INVESTIGATING THE CAUSES FOR PERTURBATIONS IN THE GLOBAL CYCLING OF CARBON: INSIGHTS FROM STRONTIUM ISOTOPES
The variable and elevated pre-excursion 87Sr/86Sr values reflect the diagenesis of limestone in the presence of shale. The start of the excursion and a decreased amount of shale upsection are associated with low and consistent 87Sr/86Sr values indicative of seawater composition. The maximum excursion is accompanied by an increase in 87Sr/86Sr values, representing the delayed Sr-response to a common forcing factor and/or diagenesis in the presence of siliciclastic detritus. The end of the excursion is associated with scattered 87Sr/86Sr values, which reflect diagenetic alteration and the presence of dolomite. A concurrent decrease in d13C and 87Sr/86Sr values, without the predicted delayed Sr-response, is suggested by the lowest 87Sr/86Sr values.

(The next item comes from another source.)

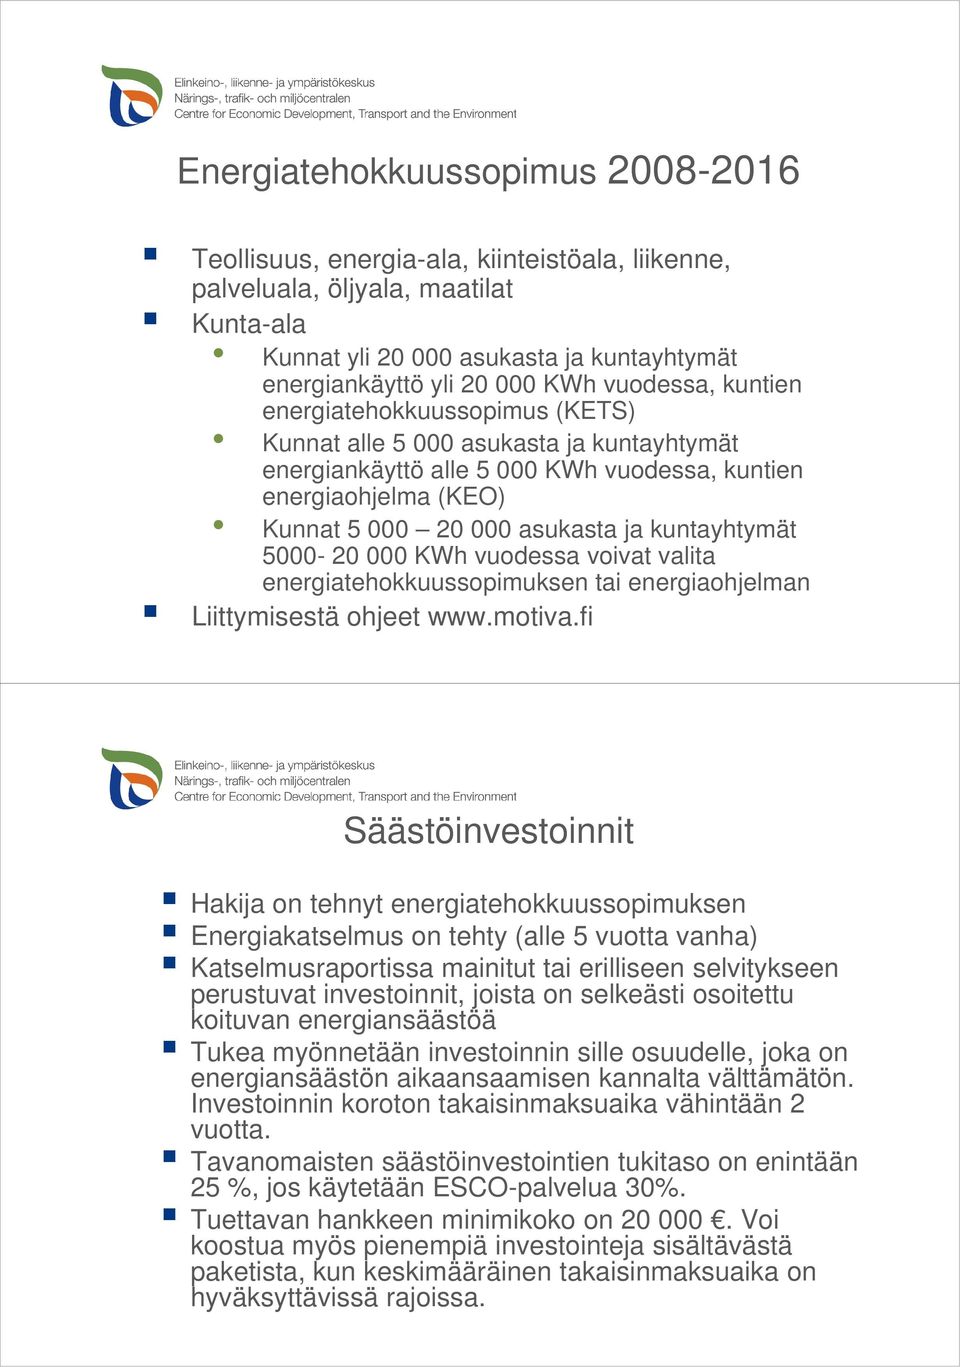 kuntayhtymät 5000-20 000 KWh vuodessa voivat valita energiatehokkuussopimuksen tai energiaohjelman Liittymisestä ohjeet www.motiva.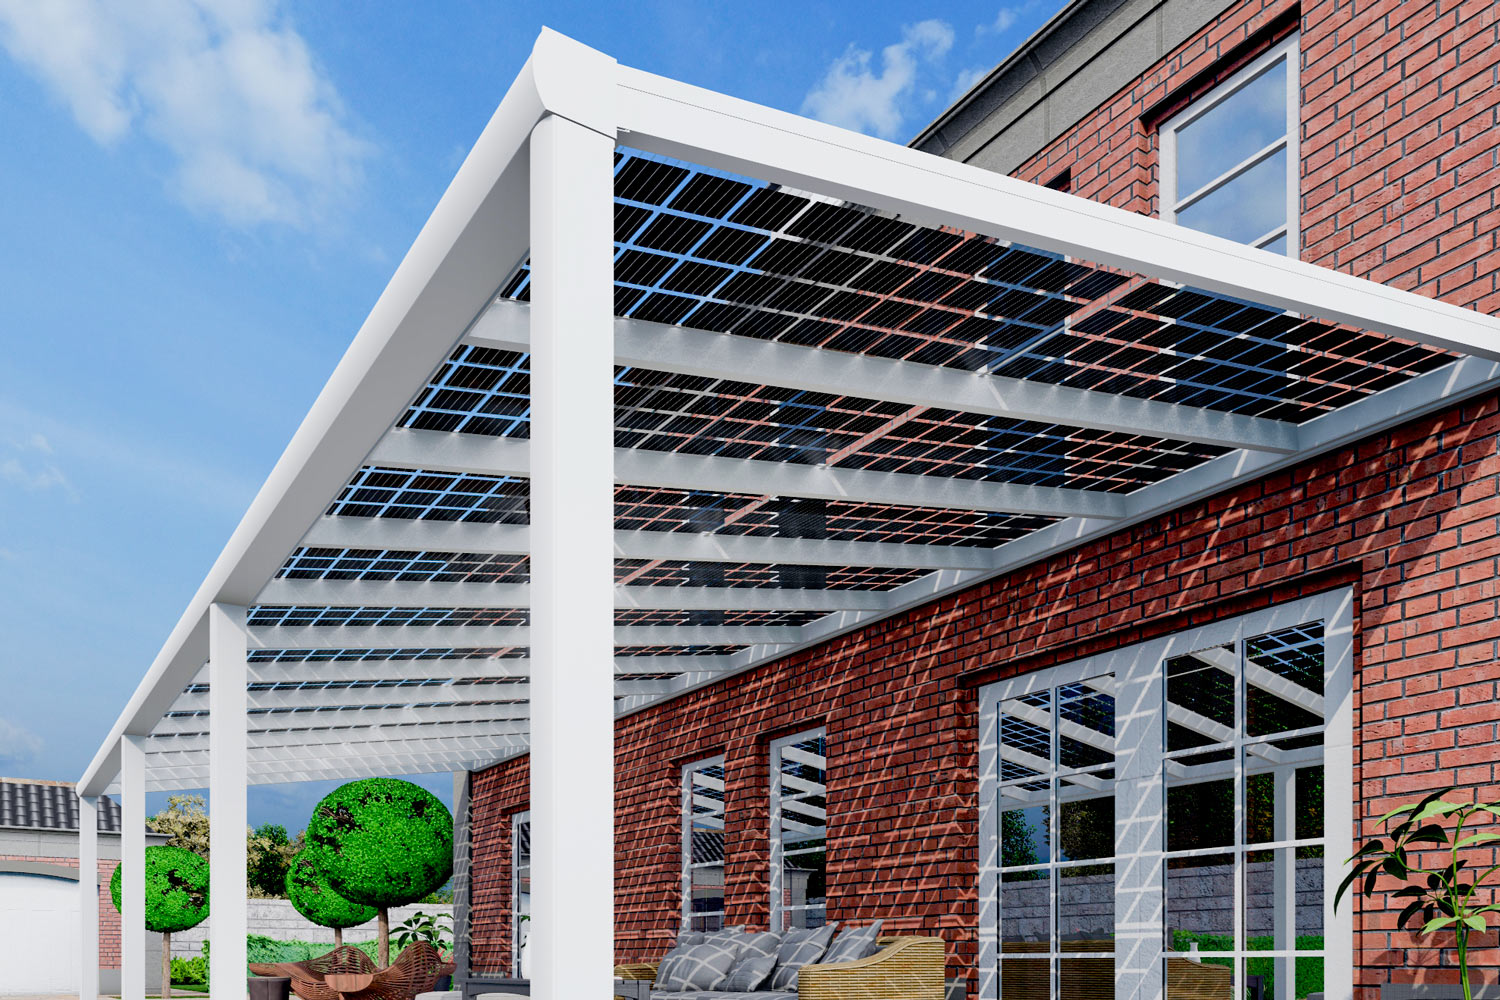 Solarpaneele, Photovoltaik Anlage auf einer Terrassenüberdachung

Determination of seawater 87Sr/86Sr variations and their relationship to the d13C record was complicated by diagenesis. Carbonate diagenesis and 87Sr/86Sr signatures were influenced by a long-term Late Cambrian sea-level fall, which led to a change from shale- to limestone- to dolomite-dominated strata, and by the short-term Steptoean sea-level fall, which caused the deposition of siliciclastic detritus. Enhanced continental erosion and burial of organic material during the Steptoean sea-level fall was not likely the main cause for the carbon-isotope excursion. The onset of the excursion during high sea-level may reflect enhanced preservation of organic material by marine anoxia, whereas the relatively rapid end of the excursion may indicate an oceanic overturn. Thus, the Steptoean perturbations in global carbon cycling were likely controlled by changes in oceanic circulation patterns.